4. Improve form and checkout completion rate
Filter recordings to show people who started filling out a form or began checkout but didn’t finish. These are high-intent website visitors who almost converted, but bailed at the last second.
Use the event timeline to jump straight to the moment they left, then analyze the behavior around that time. Maybe a required field asks for information they don’t want to share. Maybe an unexpected shipping cost appears. Try to figure out what that person needs, or what got in their way.
5. Fix mobile-specific problems
Filter for mobile sessions and watch several in a row. Look for keyboards covering buttons, tap targets too small to hit accurately, or page elements that shift during load causing mis-taps. Use the device and browser data to prioritize which experiences to fix first. Mobile issues often have obvious fixes once you see them happen.
6. Identify content that confuses users
Watch for moments when visitors hover repeatedly over the same section, scroll up and down looking for something, or re-read parts of a page. This might mean your content isn’t clear. You might need to tighten the copy, add missing details, or move important information higher up.

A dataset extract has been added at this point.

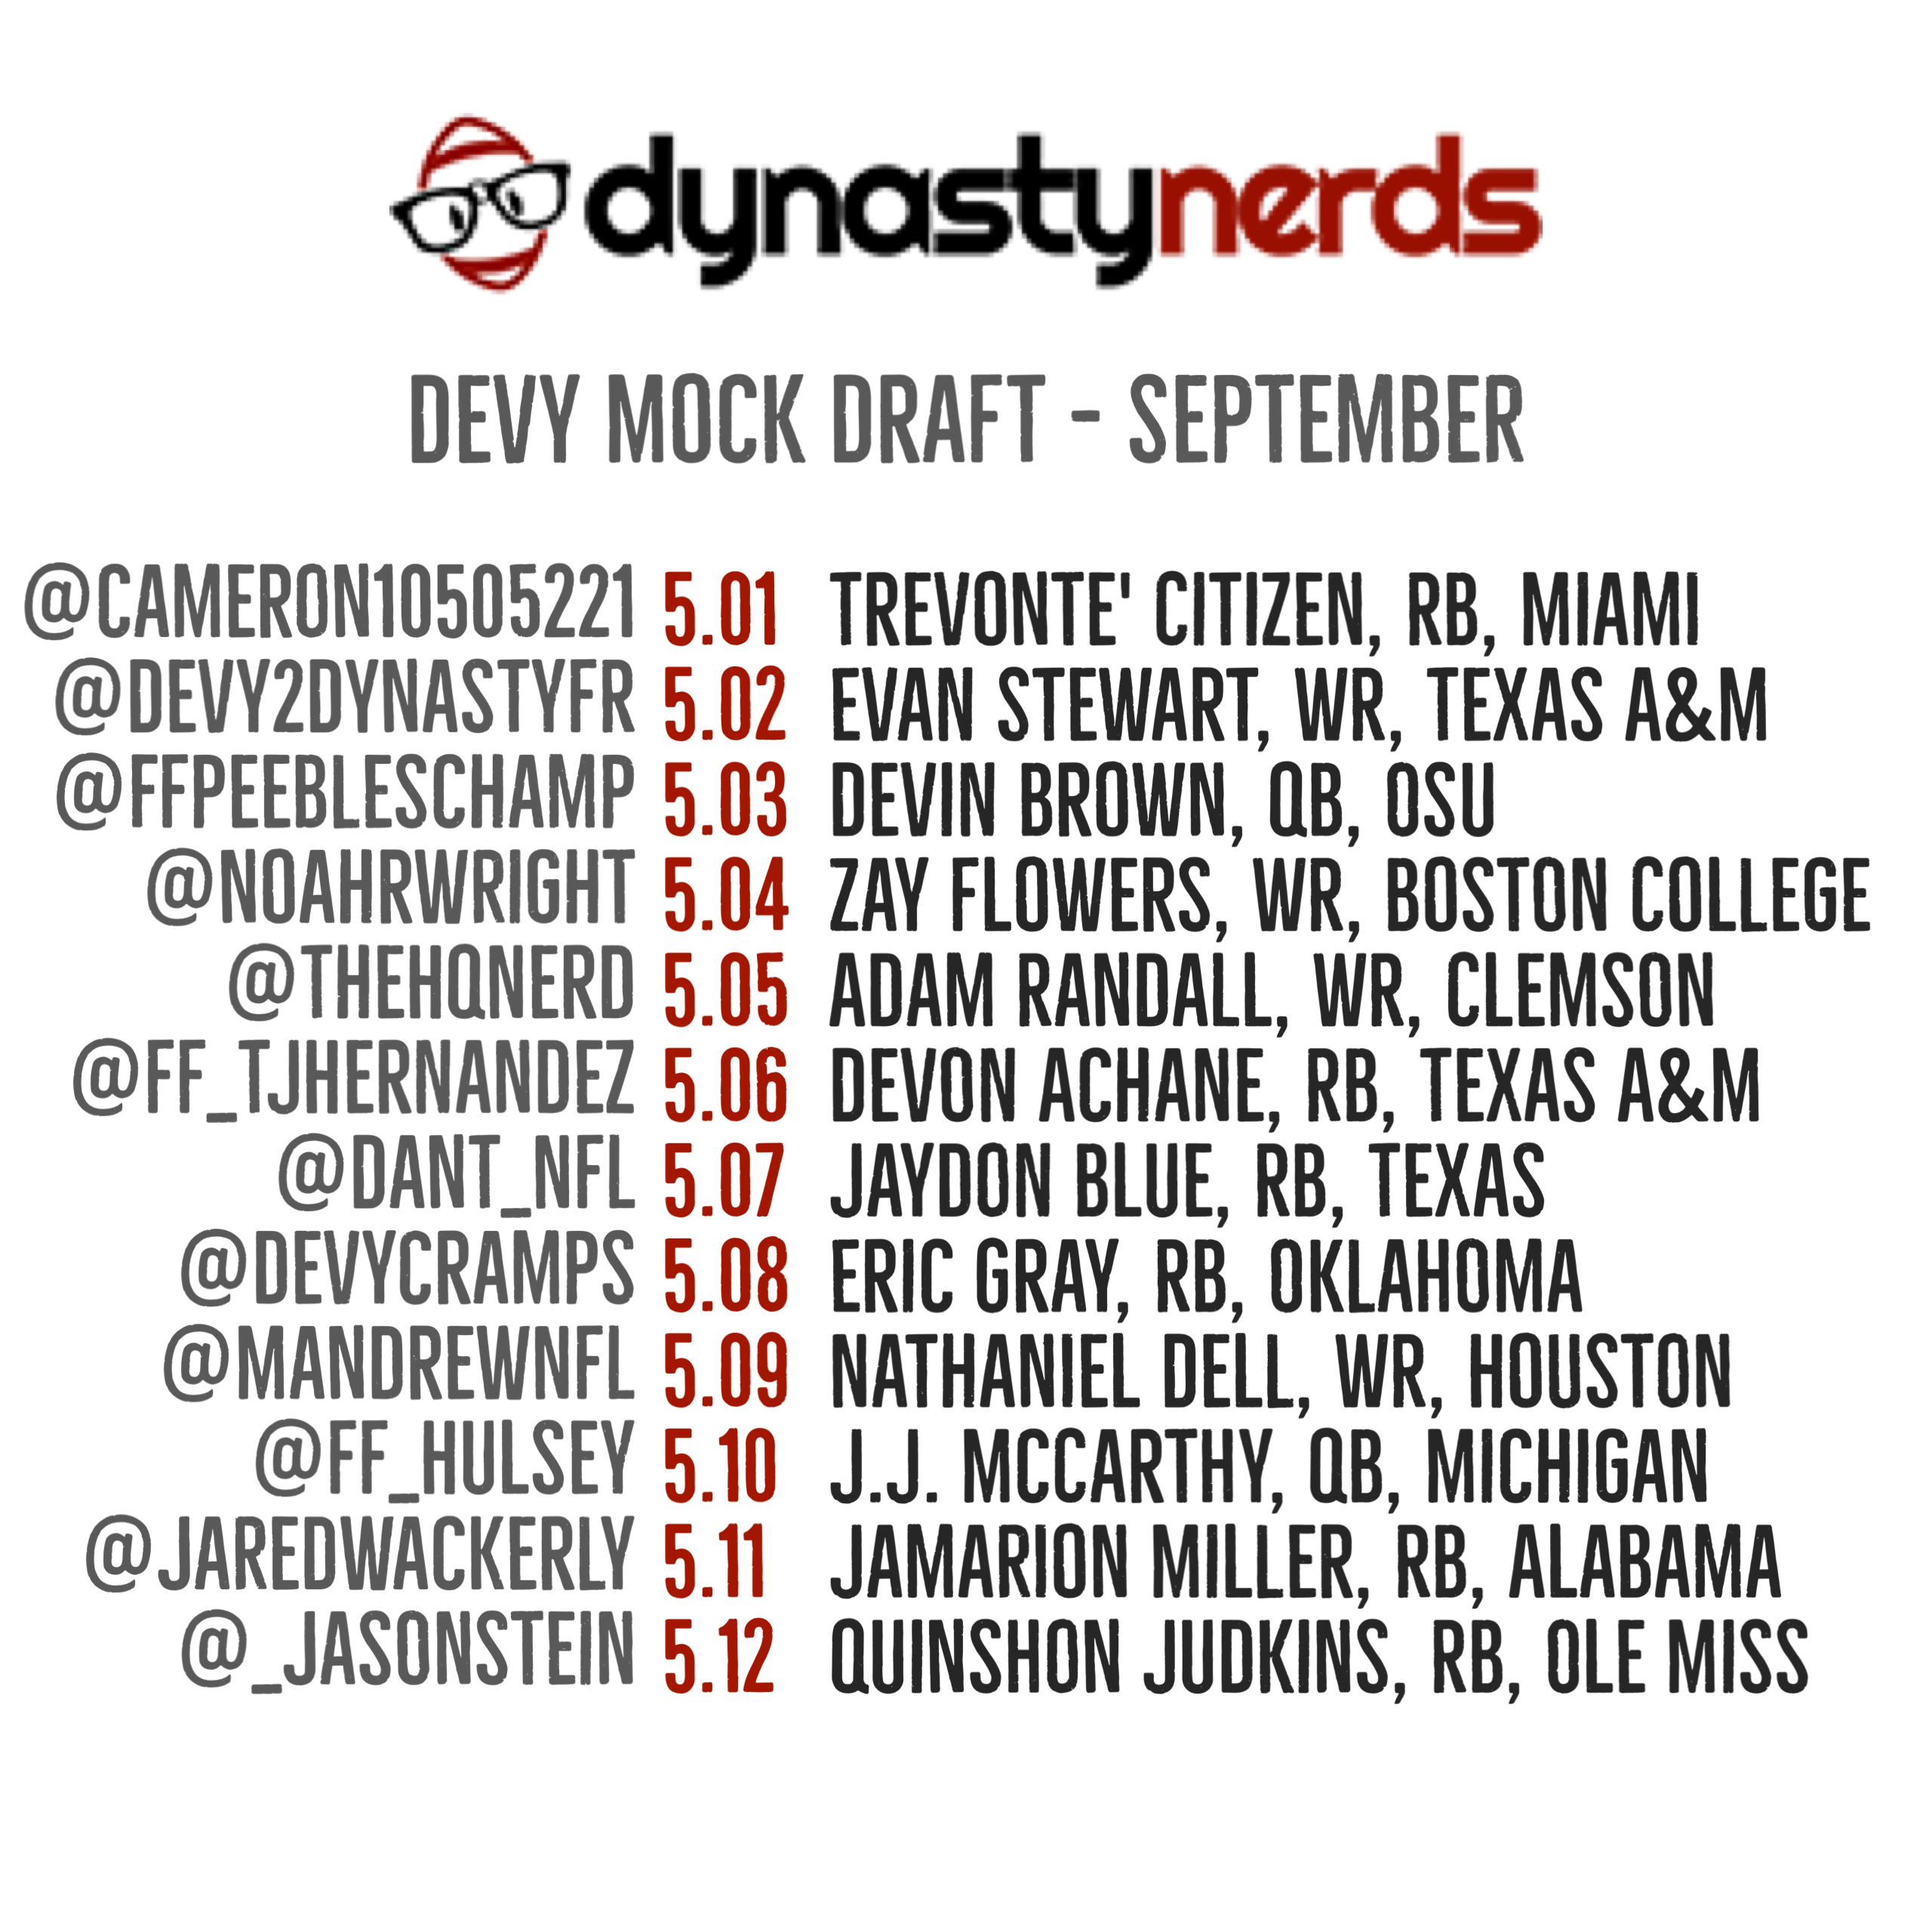 Assessing Nerds Staff Draft ADP After Release of Mock Draft 7.0 - Dynasty  Nerds

7. Eliminate elements that distract from your goals
Recordings reveal when elements pull attention away from what you want users to do. Maybe a promo banner distracts from your signup form. Maybe users click on decorative images expecting them to do something. If people engage with content that doesn’t move them toward conversion, that’s a sign to simplify or remove it.
Case study: How Session Recording Identifies Revenue Leaks

Letโs walk through a real-world example of a brand that used session recordings to bridge the gap between their web analytics and revenue numbers.
Happy Trails is an online store that sells parts and gear for adventure motorcycles. They started to get worried when orders slowed down. Something was broken, but where?
Casey Ralls, the company’s Web and Marketing Director, opened Crazy Egg’s session recordings and watched customers try to check out. Some saw in-stock products displaying as out of stock.
What? He knew those products were in-stock, but because of a faulty integration, customers thought they were unable to buy.
Another issue he picked up on was that navigation menus were completely unusable for mobile users. Those users accounted for about 60% of site traffic, and while he could test different resolutions on Chrome, it was slow and far from perfect.
With session recordings, he could watch exactly how different users struggled on all kinds of different devices.
Once he understood what was broken, he could test real solutions. He fixed the inventory integration that was showing in-stock items as unavailable. He corrected the checkout errors that were stopping mobile purchases.
After deploying each fix, session recordings validated whether it worked. Casey watched new customers complete checkout successfully. The errors stopped appearing. Products displayed correctly.
Over four months, catching and fixing UX issues saved Happy Trails around $90,000 in sales. Without session recordings, those problems would have persisted for days before anyone noticed.